Re: Built-in FFT/DFT Functions for IoTDB Table Model

Bryan Yang Mon, 15 Jun 2026 23:10:34 -0700

*Hi Yuan Tian,*

Thanks for the detailed feedback. I agree with your suggestions, and I
think they make the v1 scope cleaner.


Based on your comments, I would revise the v1 FFT design as follows:

1. Start with FFT only.

We do not need to expose DFT as a separate TVF in the first version. FFT
can be treated as the practical implementation for frequency-domain
analysis, and DFT can be discussed later if there is a concrete use case.
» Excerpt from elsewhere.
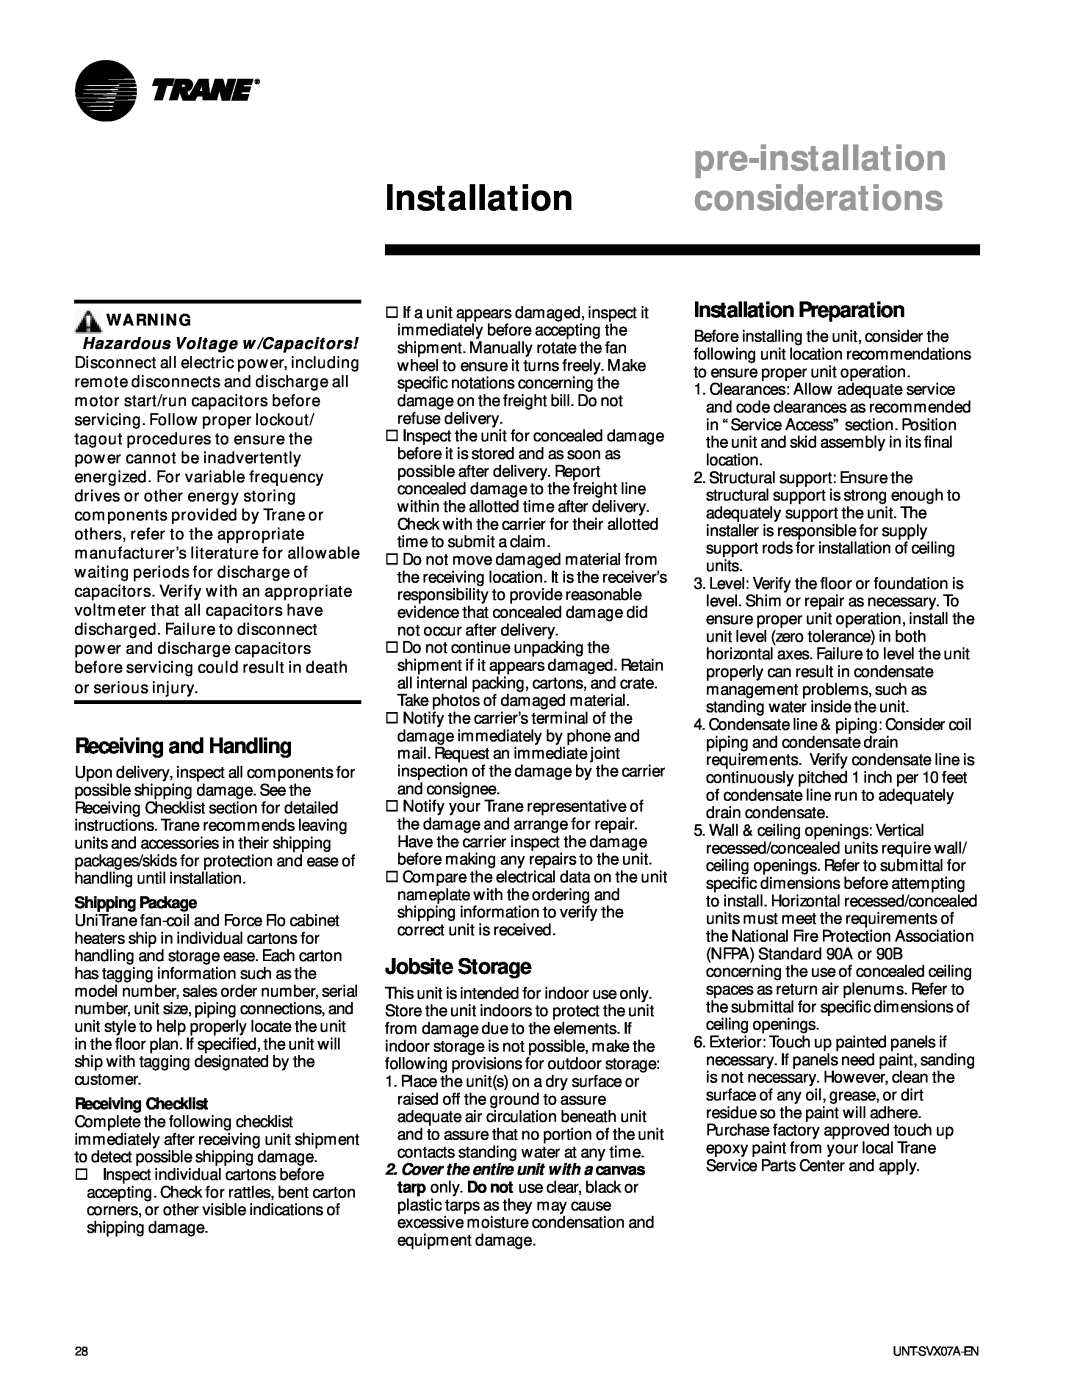 Trane UNT-SVX07A-EN manual pre-installation Installation considerations, Receiving and Handling, Jobsite Storage 
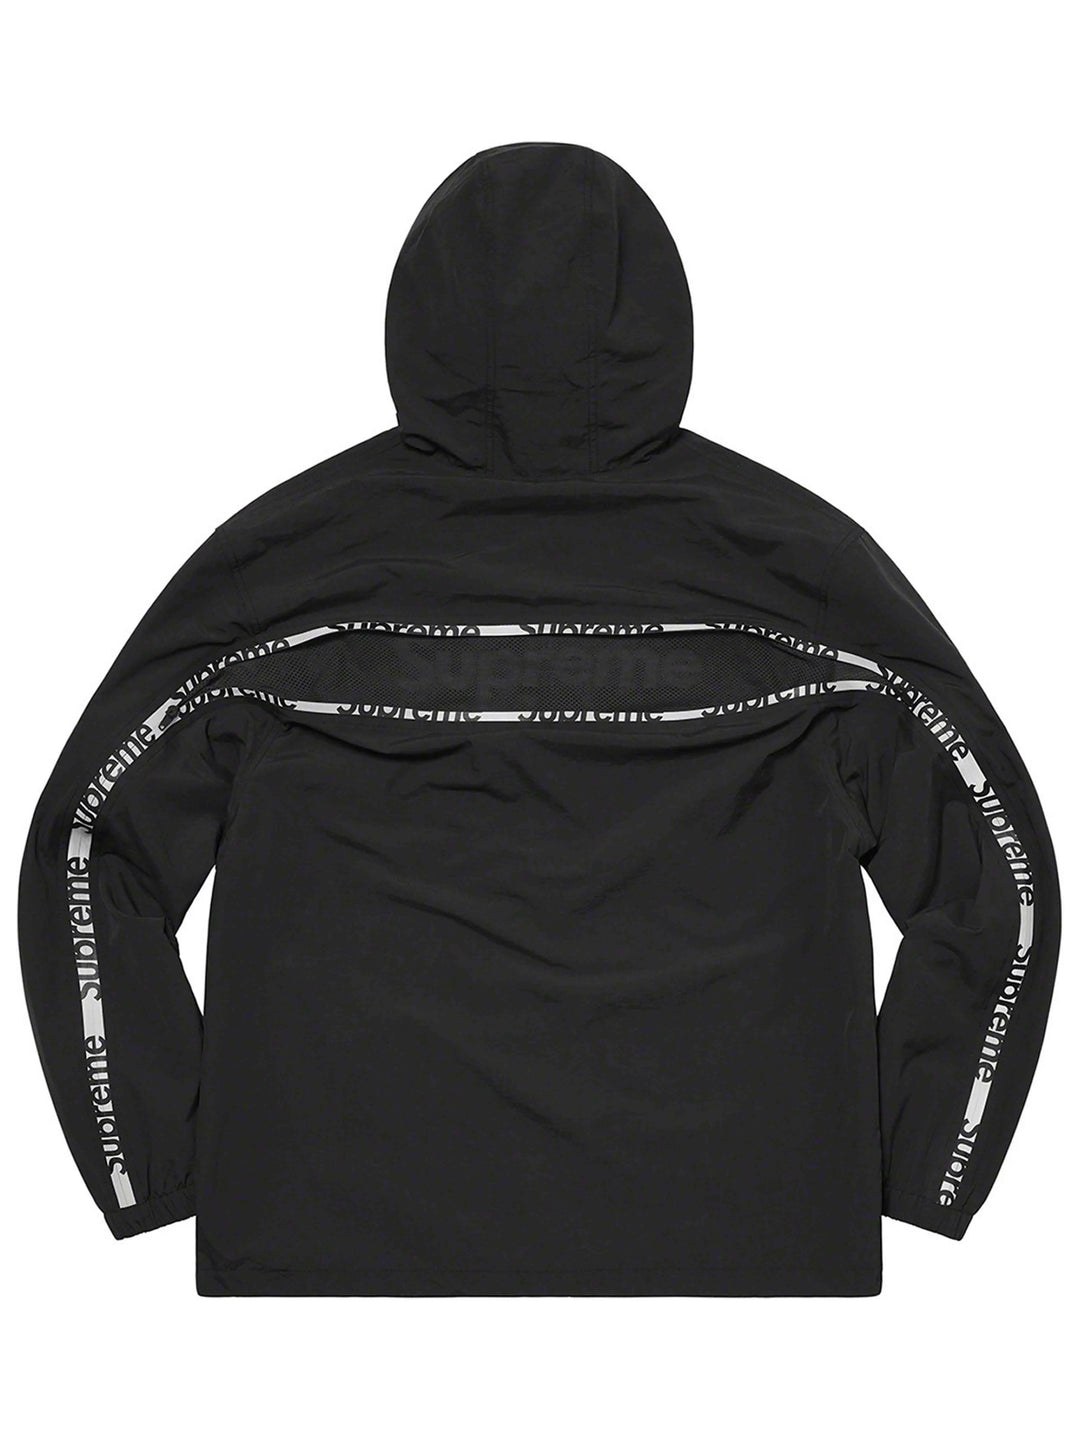 Supreme Reflective Zip Hooded Jacket Black [SS21] Prior

2. Remove the VALUE parameter.

The FFT TVF can transform all numeric columns from the input table,
excluding the time column and PARTITION BY columns. If users only want to
transform a subset of columns, they can project only those columns in the
DATA subquery.

For example:

SELECT *
FROM FFT(
  DATA => (
    SELECT time, device_id, temperature, speed
    FROM sensor
  ) PARTITION BY device_id ORDER BY time
);

This would produce FFT results for both temperature and speed.

3. Use the time column for ordering and sample interval inference.

SAMPLE_INTERVAL can be optional and represented as a duration literal, for
example:

SAMPLE_INTERVAL => 1ms
SAMPLE_INTERVAL => 1s

If SAMPLE_INTERVAL is provided, it overrides the inferred interval.
Otherwise, the interval can be inferred within each partition as:

(last_time - first_time) / (row_count - 1)

For v1, we can assume the input is uniformly sampled and only validate that
timestamps are ascending within each partition.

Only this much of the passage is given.